▶ PROBLEM TO SOLVE: Look through the data below for the line with "Dies ist eine" and the line with "Đồng chí Bí", then transcribe exactly from the first through the second, leaving out all pictures.

(MATERIAL PROVIDED begins)

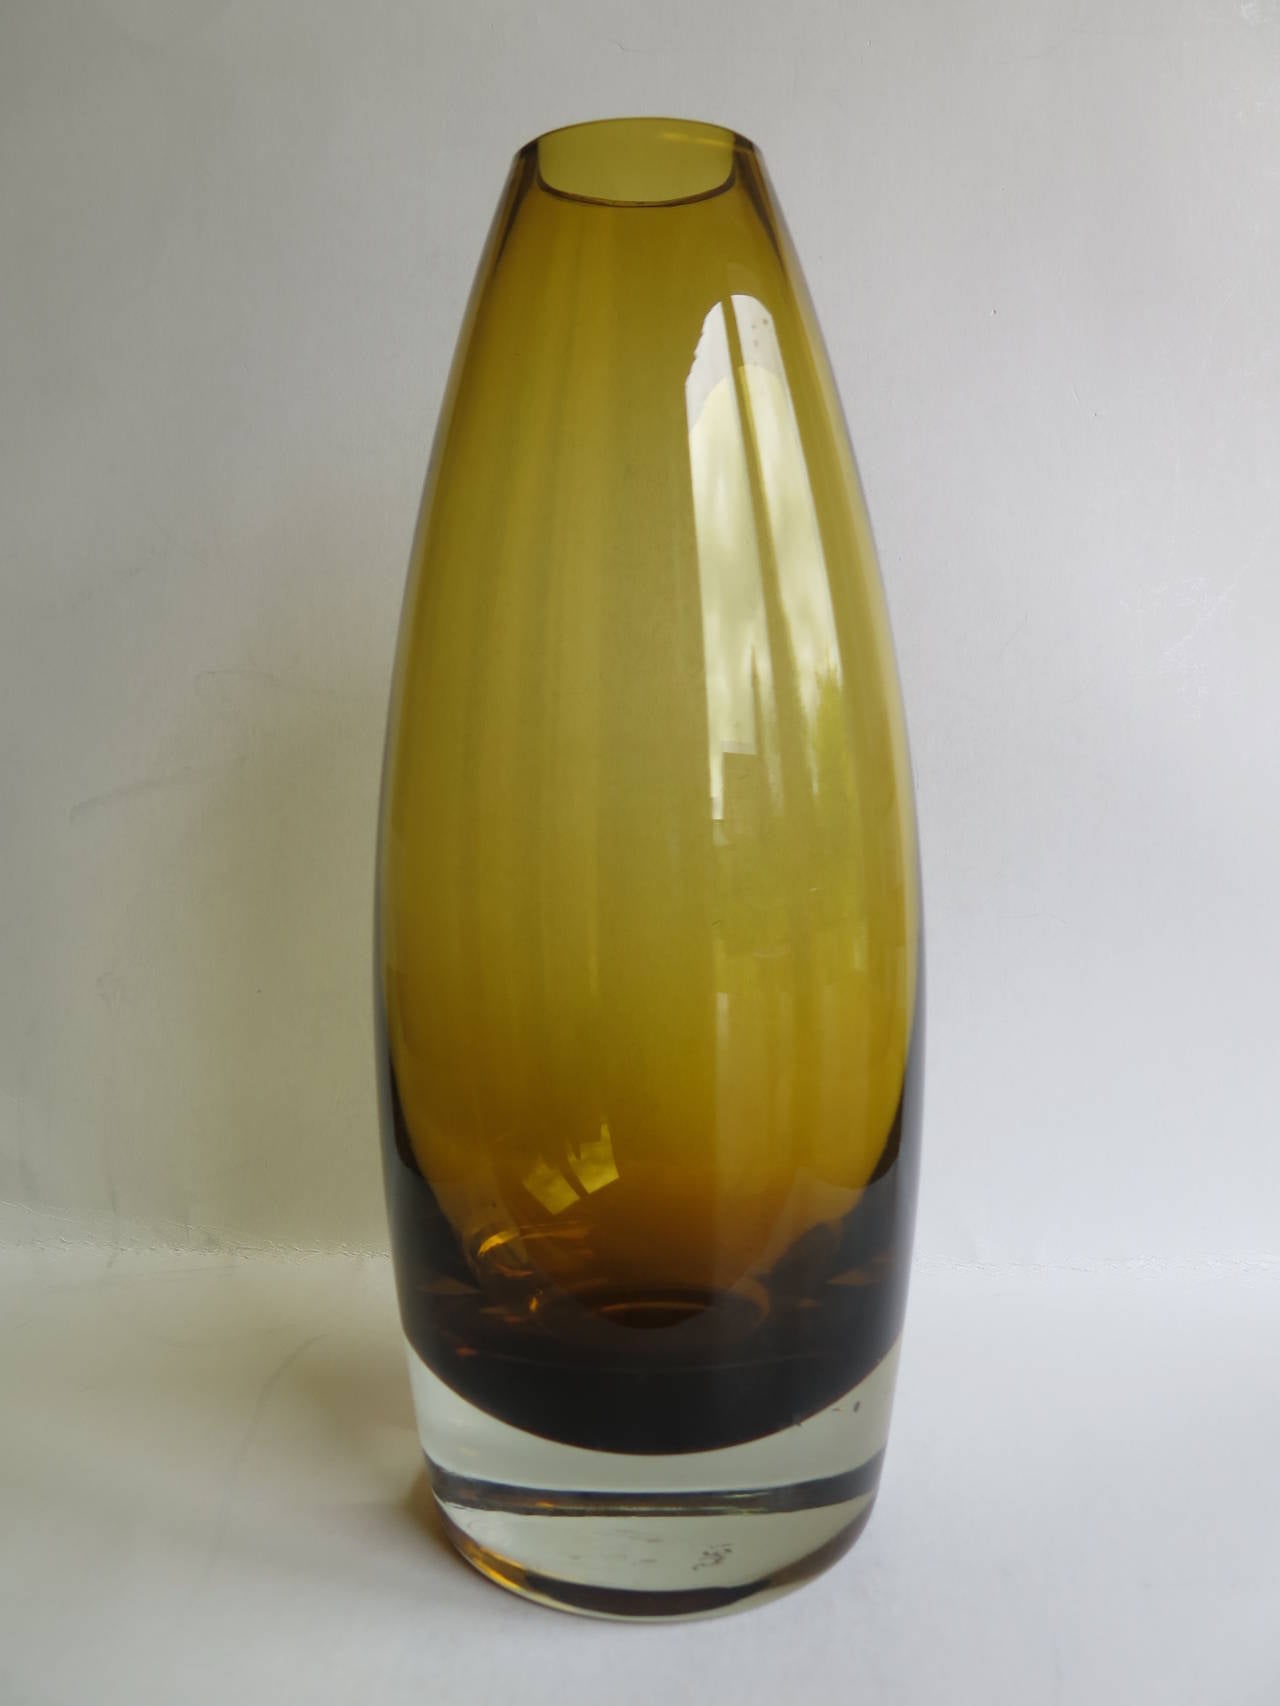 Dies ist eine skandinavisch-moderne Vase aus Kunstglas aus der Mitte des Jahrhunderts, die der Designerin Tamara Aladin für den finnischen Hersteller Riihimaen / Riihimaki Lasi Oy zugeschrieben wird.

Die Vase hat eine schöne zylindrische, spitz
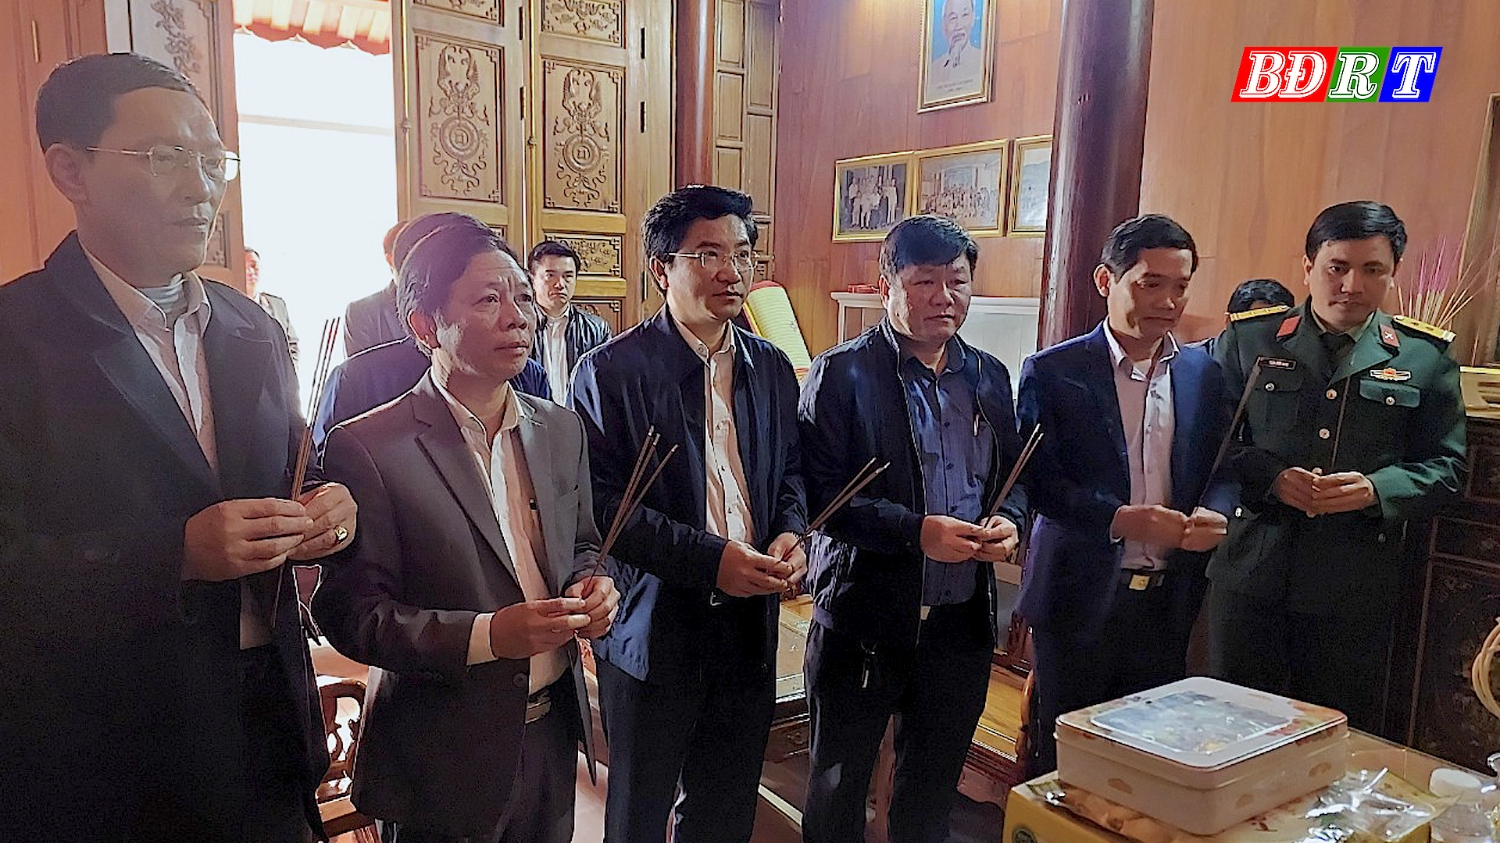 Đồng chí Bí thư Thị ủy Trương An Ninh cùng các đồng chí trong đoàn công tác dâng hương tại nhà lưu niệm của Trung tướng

(MATERIAL PROVIDED ends)
(MATERIAL PROVIDED begins)

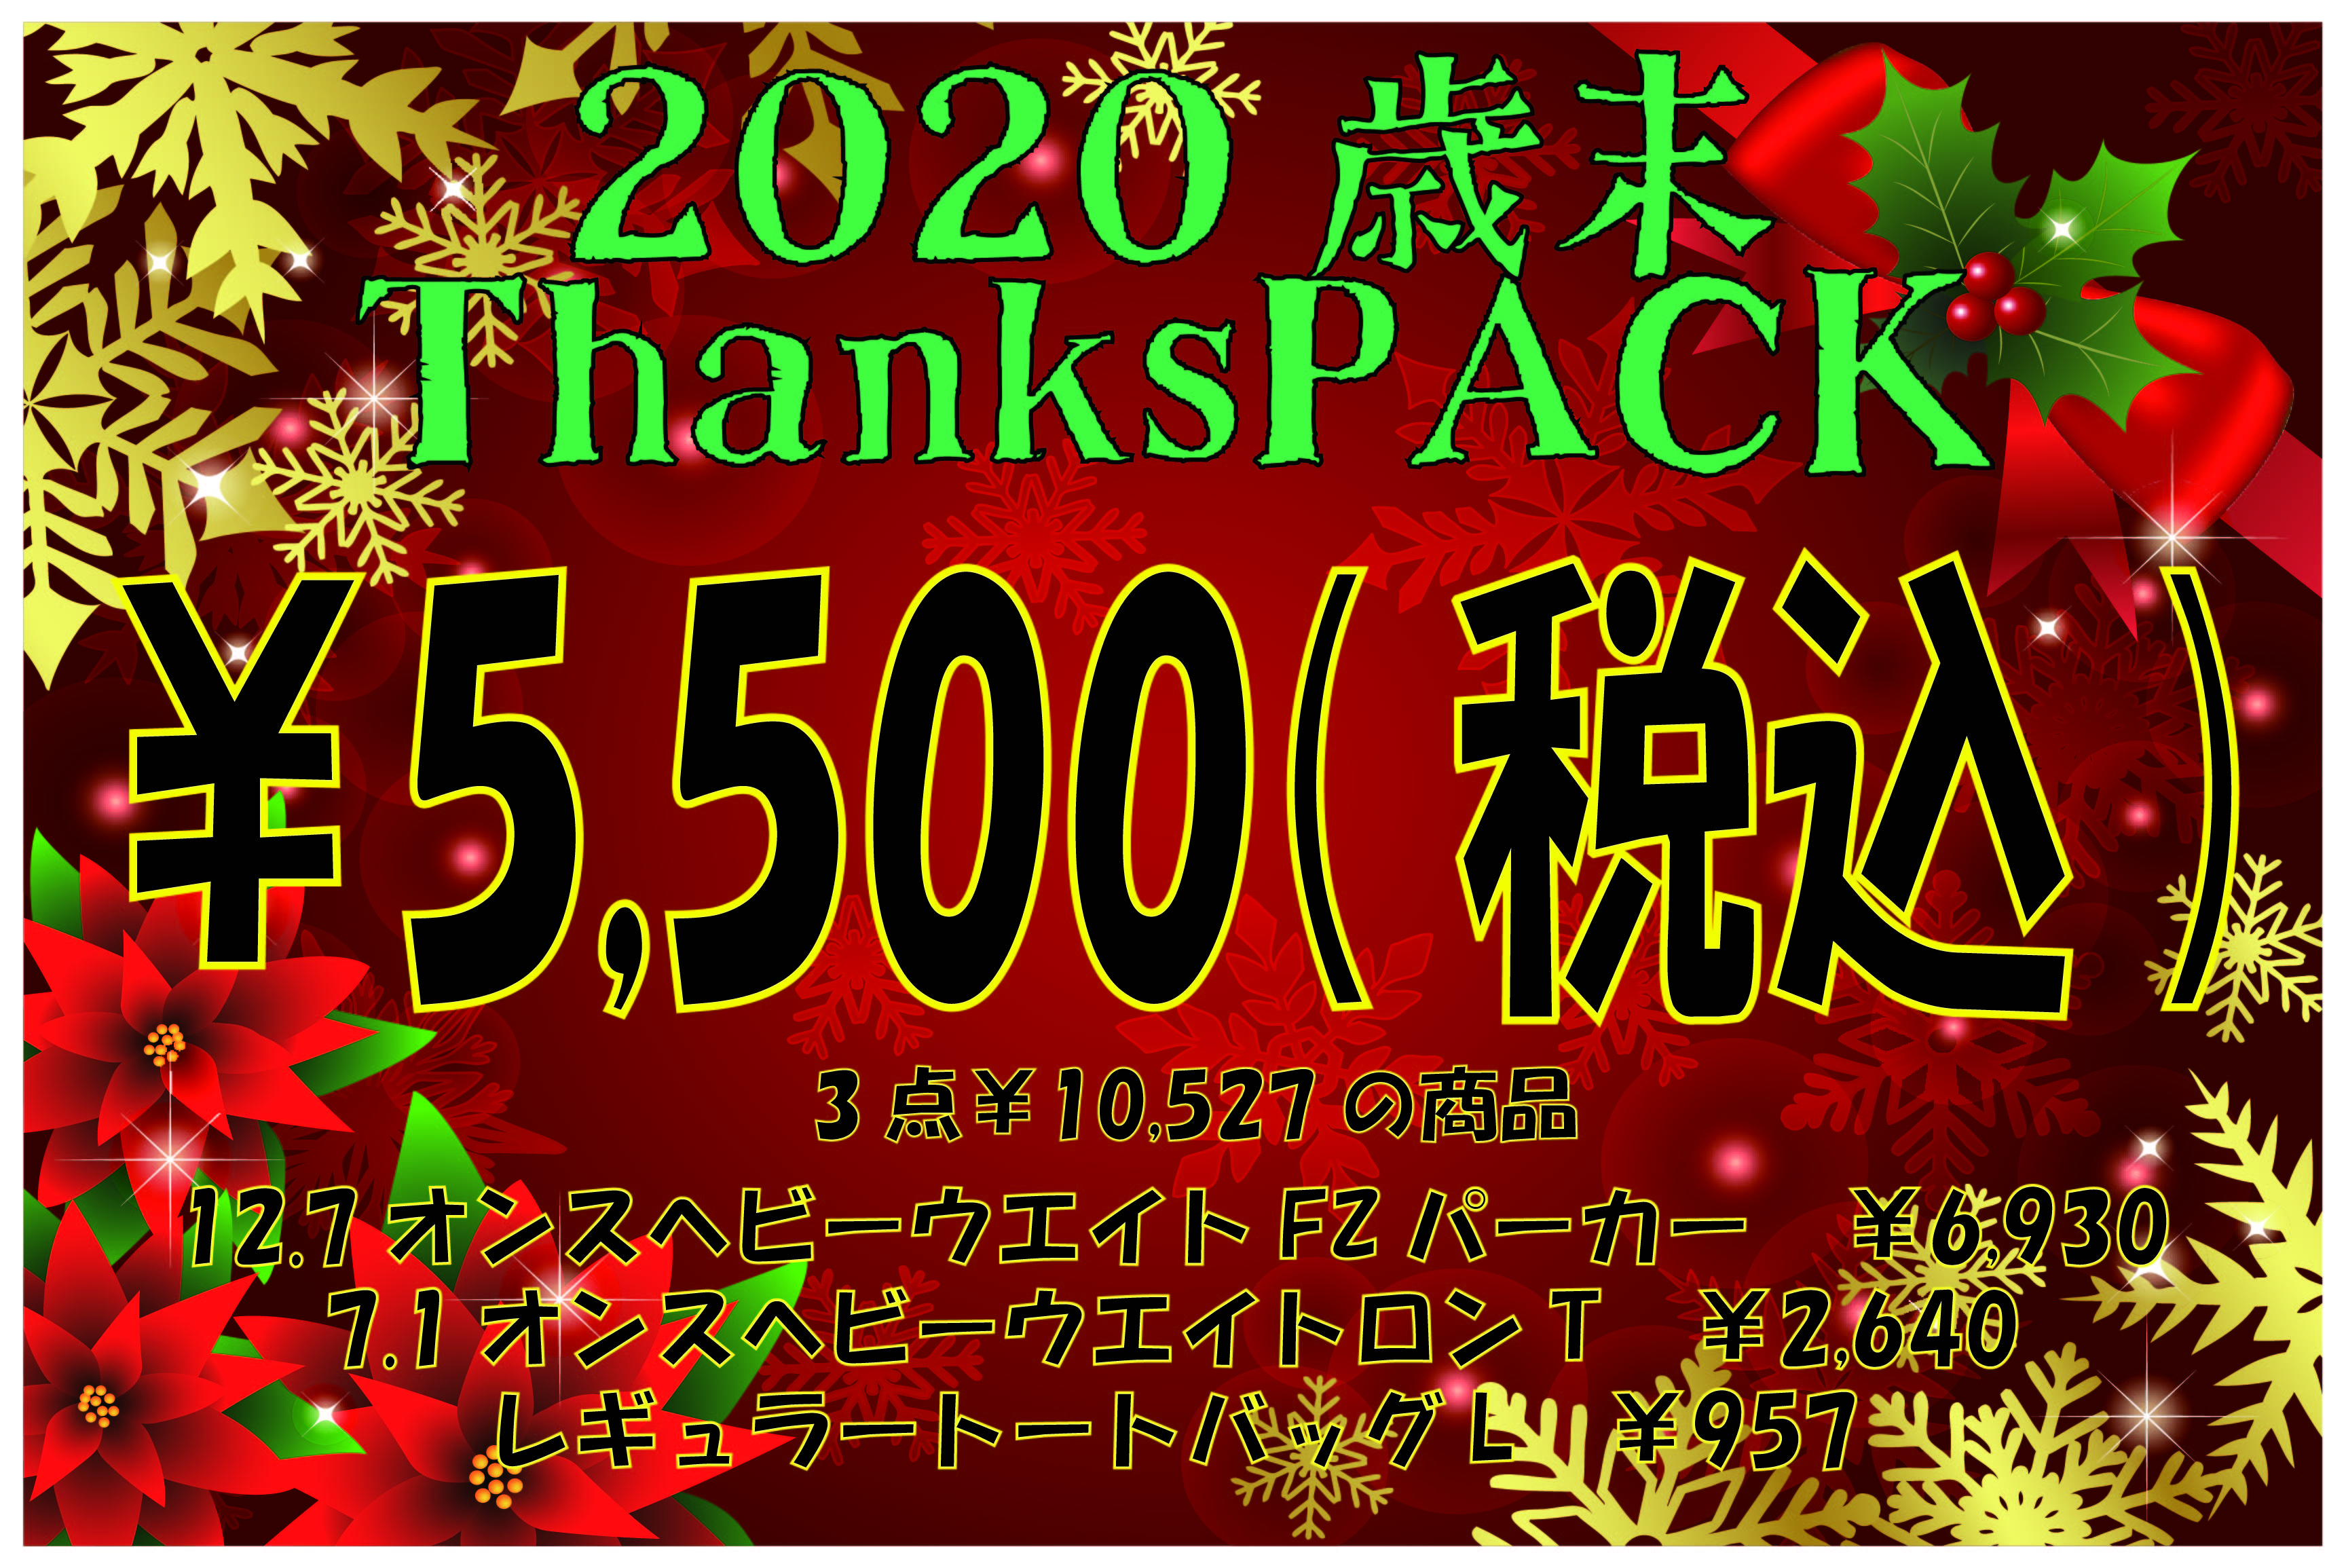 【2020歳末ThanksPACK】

(MATERIAL PROVIDED ends)

▶ TASK RESPONSE:
 Dies ist eine skandinavisch-moderne Vase aus Kunstglas aus der Mitte des Jahrhunderts, die der Designerin Tamara Aladin für den finnischen Hersteller Riihimaen / Riihimaki Lasi Oy zugeschrieben wird.

Die Vase hat eine schöne zylindrische, spitz
 Đồng chí Bí thư Thị ủy Trương An Ninh cùng các đồng chí trong đoàn công tác dâng hương tại nhà lưu niệm của Trung tướng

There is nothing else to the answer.